Togo/ Tolérance zéro à tout acte contre nature,la SAFER un modèle

Dans ce contexte d’hostilité financière due à la COVID-19, les mauvaises pratiques n’ont pas leur place dans le plan de relèvement économique au Togo. La perte de repères et de valeurs a tellement poussé les racines qu’on a toujours l’impression à avoir la science infuse pour contourner les dispositifs même  les plus sophistiqués. Ce qui n’est toujours pas évident et deux agents de la SAFER l’ont appris à leurs dépens. La SAFER a apprivoisé de nouvelles règles pour décourager les mauvais comportements en témoigne la modernité des postes de péage et au regard des travaux en cours d’exécution le seront davantage .En ce qui concerne le Directeur de la Société Autonome de Financement de l’Entretien Routier(SAFER) Monsieur Atoute Outchantcha Awina il a su définir sans répit ses priorités peu importe sa facture salée qui à son temps avait suscité des critiques .Tous les postes péages sont sous vidéo-surveillance, équipé de détecteurs sophistiqués de faux billets etc. Le tout sous le contrôle permanant et avisé des Forces de l’Ordre et de sécurité. Une modernité qui n’a rien à envier du dispositif des  pays du Nord .Quand on est dépositaire de l’autorité publique dans l’exercice de certaines attributions, le devoir d’exemplarité appel la finesse des actions. Aujourd’hui dans l’imaginaire collectif des togolais les usages de ce dispositif lui donne raison au regard des bénéfices engrangés.
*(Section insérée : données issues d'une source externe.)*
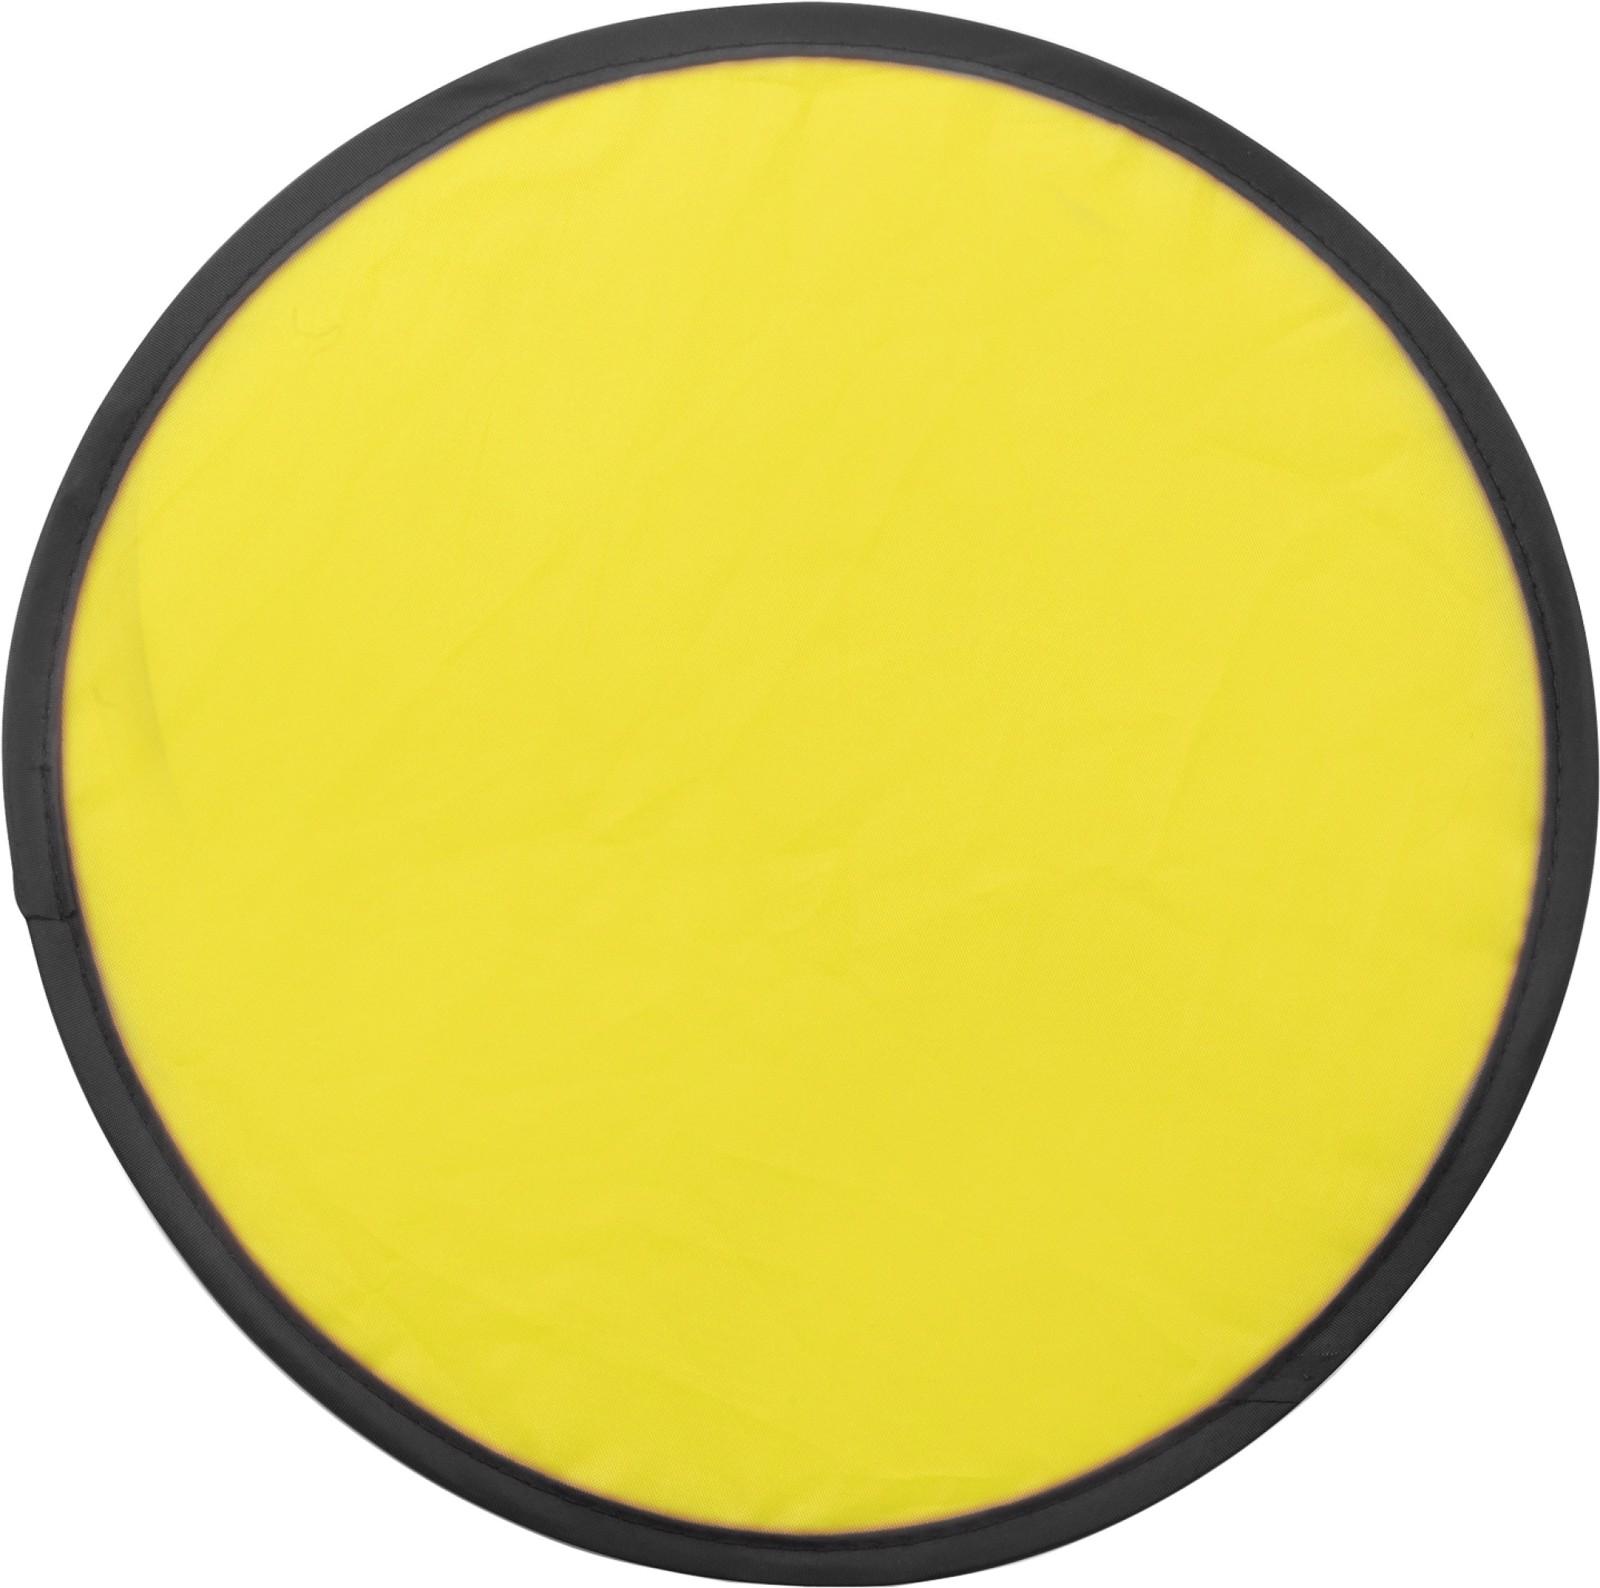 Nylon (170T) Frisbee - Yellow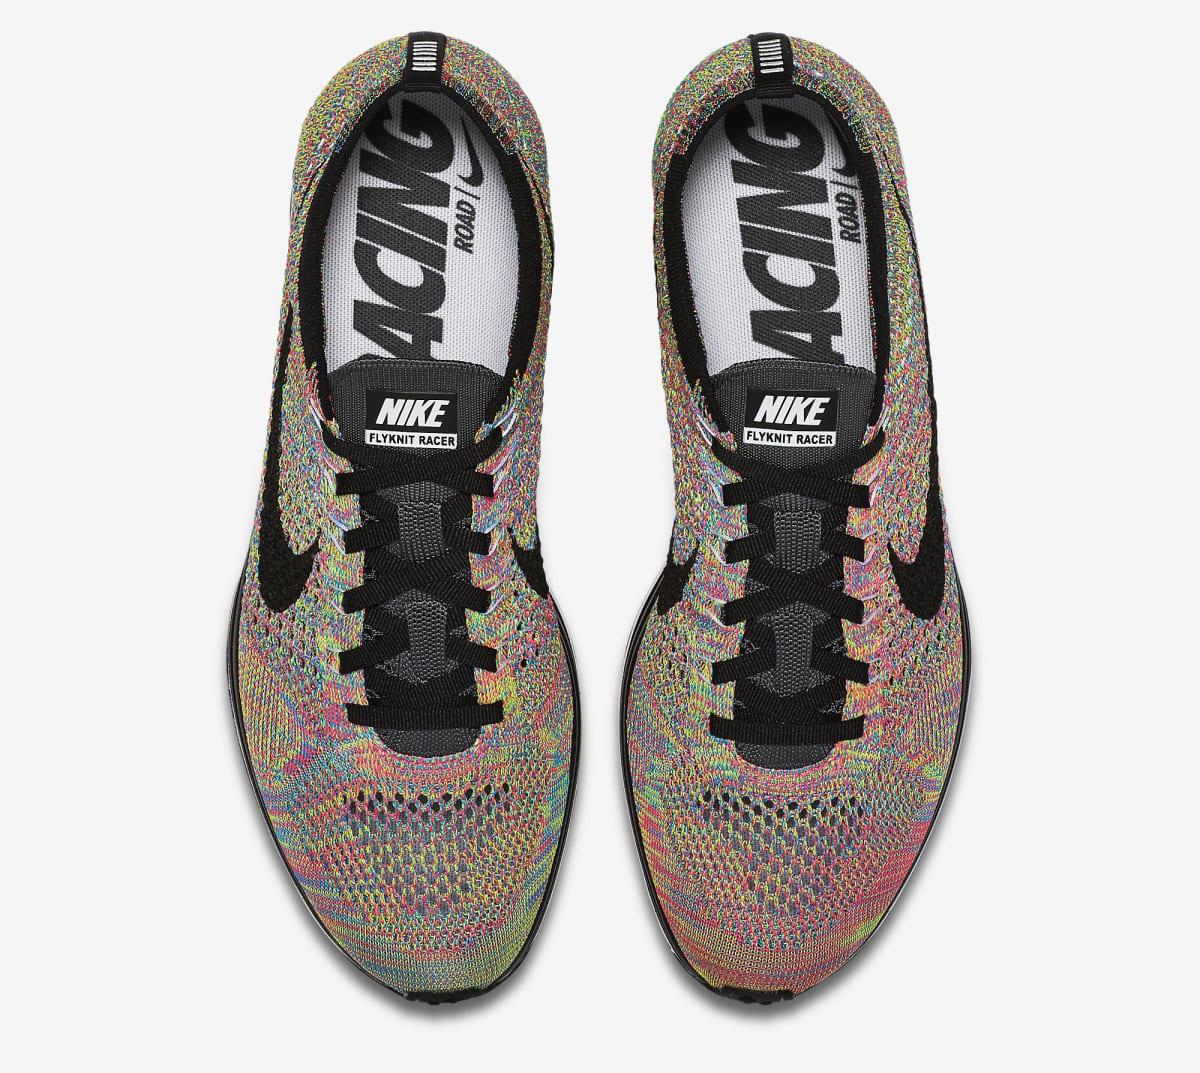 70ac1b039ffb Nike Flyknit Racer Multicolor Grey Tongue

Le 24 juillet dernier au poste péage de Sotouboua ,un fait qui n’est pas nouveau mais a suscité de vives inquiétudes au regard de sa fréquence successif sur la vacation de la cabine au gros porteurs sur une chaine de camions faisant le trajet Lomé vers le septentrion. Quatre chauffeurs de gros porteurs ont été signifiés du non authentification des billets de cinq mille franc (5000) dont il était en possession pour s’acquitter de leur taxe péage ceci bien sûr après le rejet des détecteurs de faux billets installés dans chaque cabine de péage pour la cause. Un coutumier exercice vu la rigueur de la SAFER qui fait endosser de facto au caissier percepteur  la charge d’une perception par inadvertance. Ce que réfutait ses usagers (les chauffeurs des 4 gros porteurs) qui arguait   unanimement l’avoir perçu au précèdent poste péage qui se trouve être le poste péage de Davié «…. c’est le reliquat des 10000 perçu au poste de péage de Davié » à laisser entendre un camionneur.  De grandes inquiétudes sont ouvertement exprimées par le Chef Péage de Sotouboua  qui se trouve être dans la hiérarchie de la SAFER le répondant de tout acte jugé inapproprié à ce postes péages comme d’ailleurs tout autres. Il alerte la Direction de cette situation qui risque de ternir l’image de la SAFER si l’on ne situe pas les responsabilités. La direction a fait des recoupements facilités par les Visio-surveillances du Poste Péage mis à l’index(Poste de Davié).

Ce recoupement a permis d’identifier deux comportements suspects et répété au cours de la vacation du 24 juillet dernier de deux caissiers .Les deux suspects ont été invité à la Direction pour quelques interrogations de routines .Loin de passer aux aveux, ses mis en cause se sont plutôt ravisés à position initiale sur ses comportements abject et désobligeants .Pour approfondir l’interrogatoire et les recherches, la SAFER a saisi la Gendarmerie de Tsévié.

Cette saisine a permis de déceler  un réseau dont six personnes ont été à leur tour interpellé. Si la responsabilité de ses deux mis en cause est établi par l’enquête préliminaire, la SAFER entrevoit porter plainte .Ses actes sont  des manquements à la déontologie, à l’éthique  et à des valeurs d’intégrité dont les traits caractéristiques font la noblesse de la SAFER sous bonne conduite du Directeur Otchantcha.

Aux dernières nouvelles  Il s’agit selon les informations, de 5 togolais et 1 béninois auteurs et complices qui selon la gendarmerie, ont fait circuler des faux billets de 5 et 10 milles F CFA au cours du mois de juillet. Les investigations et perquisitions aux domiciles des présumés malfrats ont en effet permis aux éléments de la gendarmerie de découvrir au total 63 billets de 5000 FCFA, 1 billet de 10 000 FCFA, 1 billet de 2000 FCFA, 1 paire de menottes et 1 veste de tenue treillis.  Il ressort selon les enquêtes que les billets sont commandés depuis le Bénin, et transportés à Lomé par d’autres membres du réseau pour les remettre aux deux agents de la SAFER.